Nach der Aufdeckung der Morde des »Nationalsozialistischen Untergrunds« und im Zuge der darauf folgenden öffentlichen Aktivitäten gegen rechts sahen sich tatsächlich auch das Land Nordrhein-Westfalen und die Stadt Dortmund genötigt, ihr Neonaziproblem zur Kenntnis zu nehmen, wenig überraschend jedoch in erster Linie als ein ordnungspolitisches. In den Großstadtkommissariaten wurden hektisch »Kompetenzzentren« ins Leben gerufen. Marion Kraske freut sich in ihrem Bericht über die Präsenz von Streifenwagen und über städtische Reinigungstrupps, die losgeschickt werden, um faschistische Aufkleber und Plakate abzukratzen.
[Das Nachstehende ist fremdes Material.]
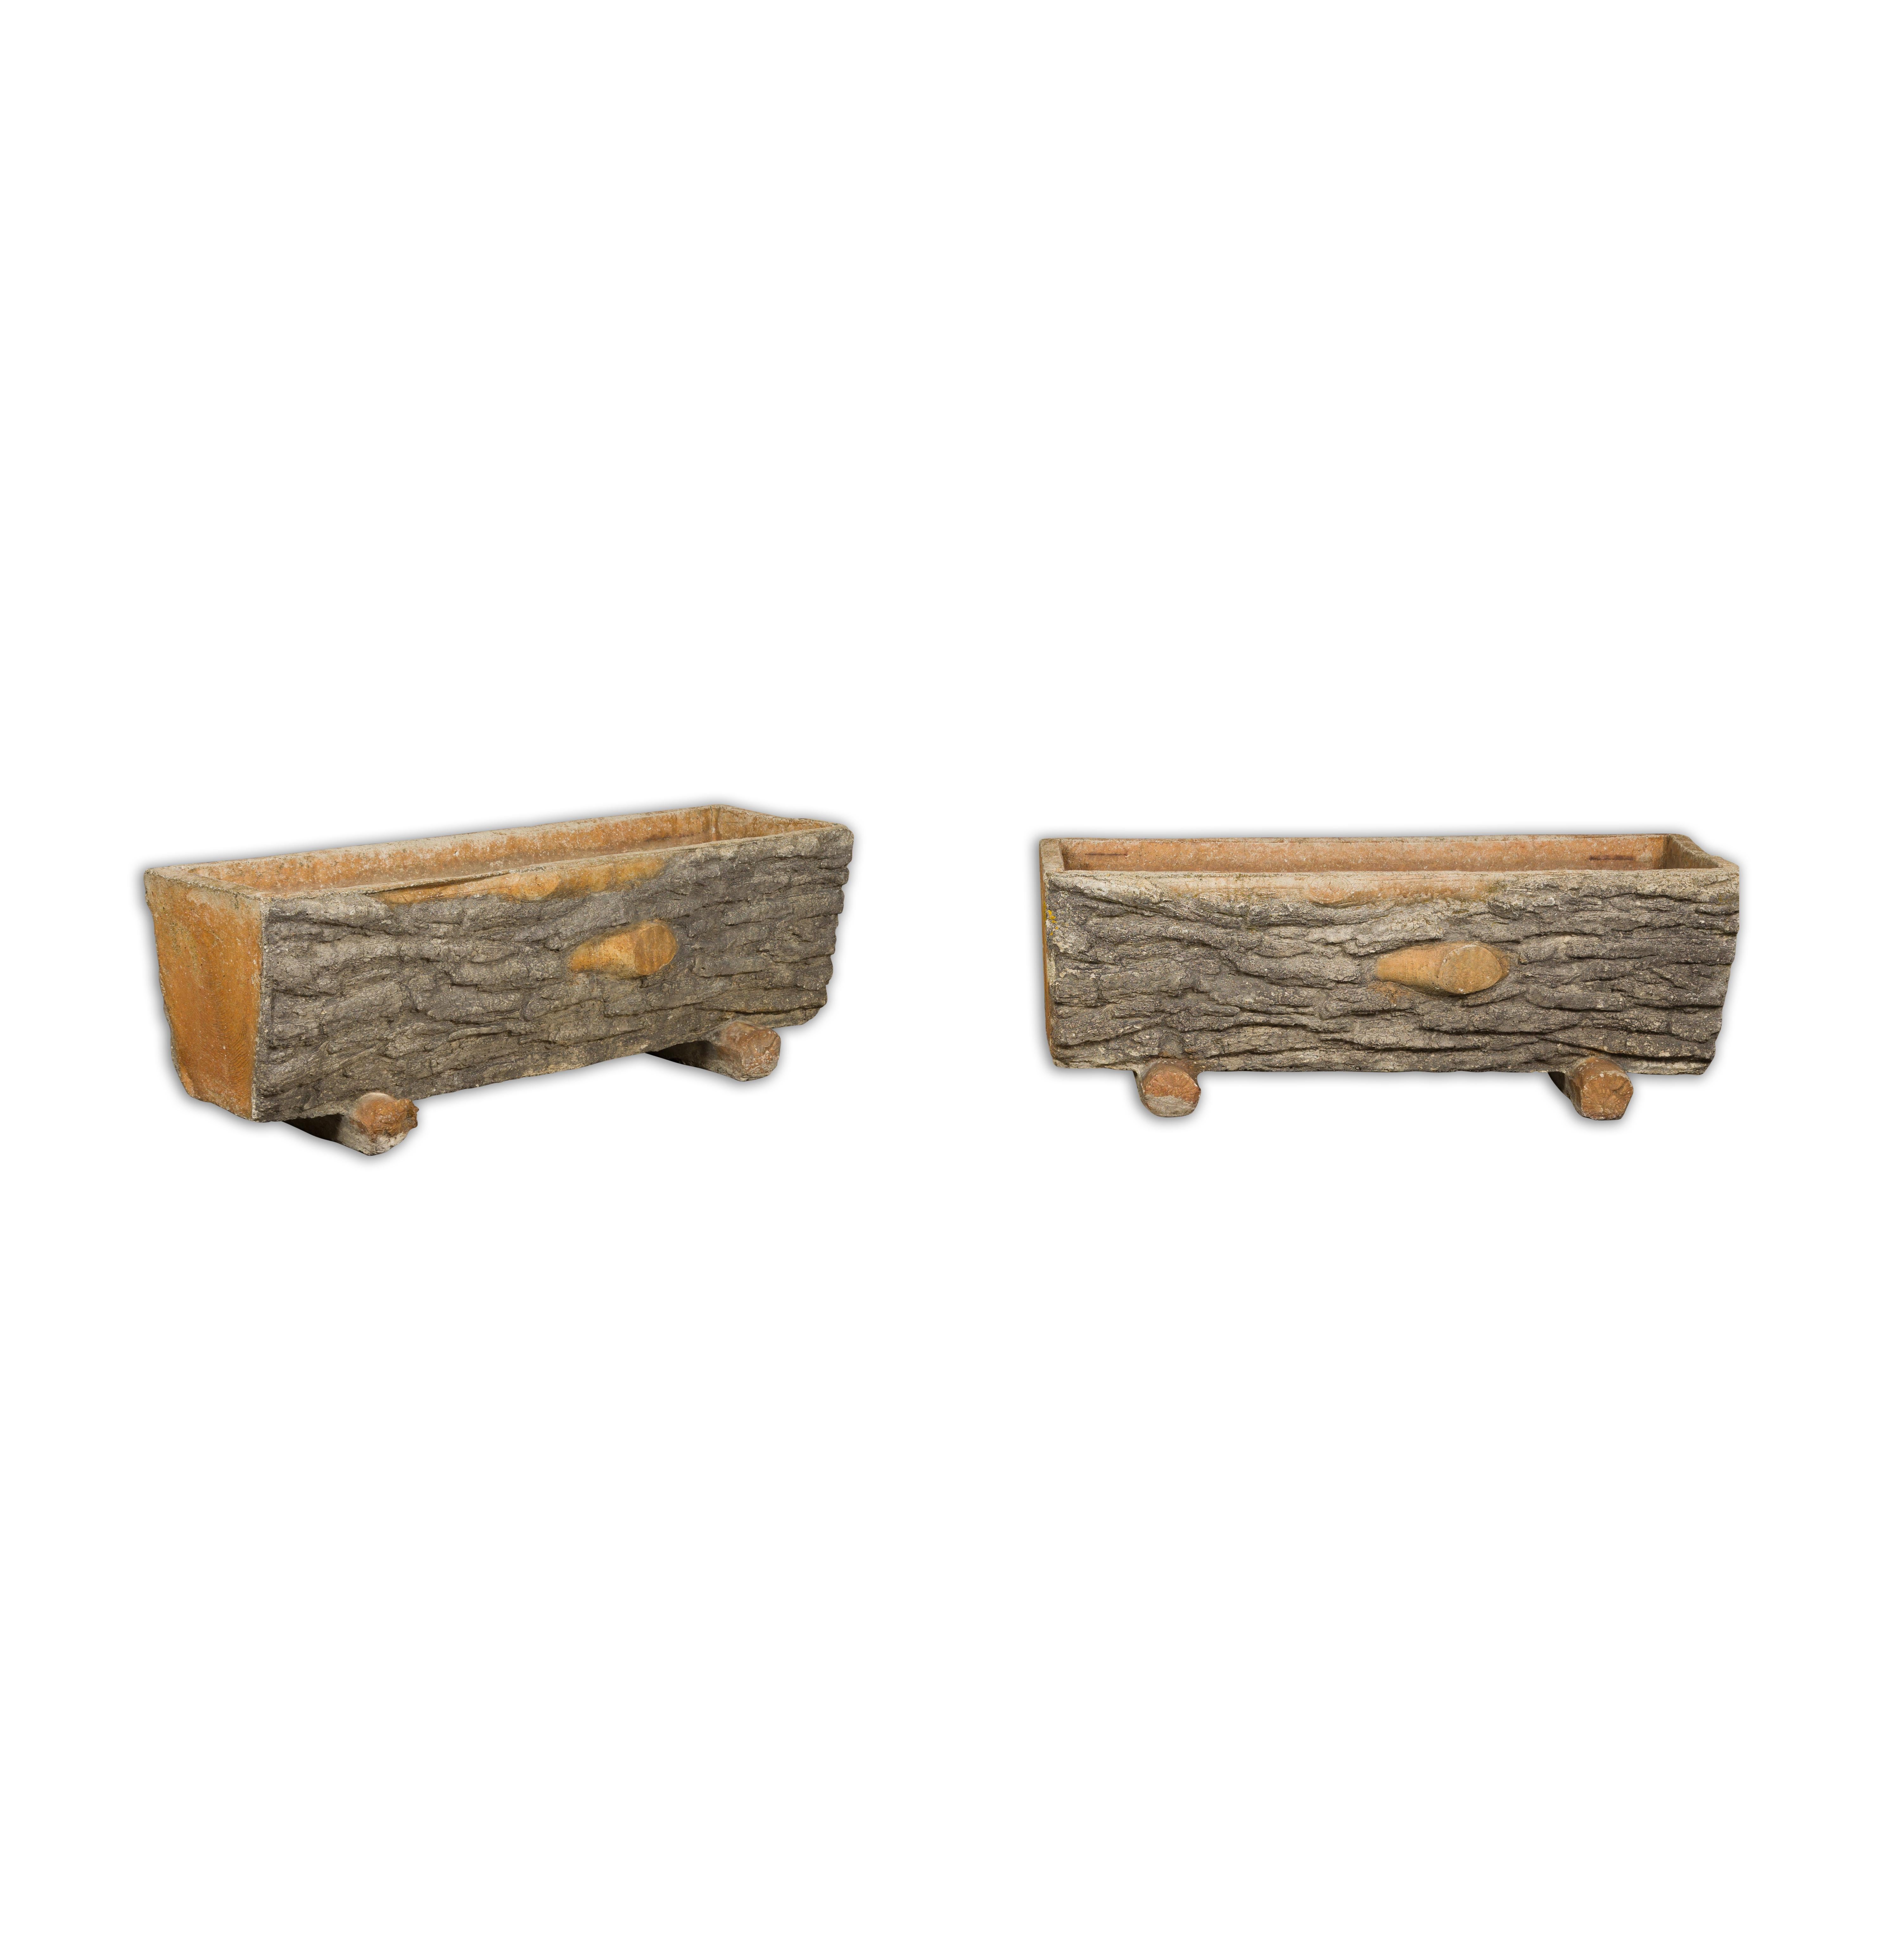 Ein Paar Boi-Pflanzgefäße in Trogform aus der Mitte des Jahrhunderts, aus Beton gefertigt und mit Grau- und Orangetönen akzentuiert. Bringen Sie einen Hauch von rustikalem Charme in Ihren Garten mit diesem Paar Boi-Pflanzgefäße in Trogform aus der

Die Grenzen des von der Stadt Dortmund großspurig verkündeten »gemeinschaftlichen Vorgehens« gegen rechts lernen derzeit hingegen die Organisatoren eines Antifa-Camps kennen. Dieses soll im von der Neonaziszene dominierten Stadtteil Dorstfeld stattfinden und auch der Vorbereitung des Widerstands gegen den diesjährigen »Nationalen Antikriegstag« dienen. Bei dem Versuch, von der Stadt ein geeignetes Gelände zu erhalten, erlebten die Veranstalter eine Provinzposse, die in »Das Kartell der Verharmloser« hätte aufgenommen werden müssen, wäre die Broschüre zu diesem Zeitpunkt nicht bereits gedruckt gewesen. So begründete die kommunale »Koordinierungsstelle für Vielfalt, Toleranz und Demokratie« die Ablehnung der beantragten Fläche damit, man könne sich nicht über die Dorstfelder Bürger hinwegsetzen, Ausweichflächen wurden zunächst nicht angeboten. Und selbstverständlich wurde auch die Befürchtung vorgebracht, vom Camp könne Gewalt ausgehen, wenn nicht von den Antifas selbst, dann möglicherweise von den Neonazis, die sich durch das Camp »provoziert fühlen« könnten.
Die Polizei hingegen möchte das Camp am liebsten gar nicht als politische Kundgebung anerkennen und riet den Organisatoren, die Sache doch einfach als private Veranstaltung wie etwa ein Schützenfest anzumelden. Zugleich kündigte ein potentieller Vermieter den Vertrag, weil ihm die Polizei von der Vermietung abgeraten hatte.
Diese Verhinderungstaktik hat allerdings großen Protest hervorgerufen und dem Antifa-Camp erst recht Öffentlichkeit verschafft. Die Stadt steht unter Druck und erklärte sich zu neuen Verhandlungen über ein Ausweichgelände bereit. Anfang dieser Woche konnten die Veranstalter schließlich vermelden, die Stadt habe ein konkretes Angebot vorgelegt, das Camp kann somit wohl wie geplant vom 24. August bis zum 2. September stattfinden. Nicht dank, sondern trotz der von Marion Kraske gepriesenen Dortmunder Behörden.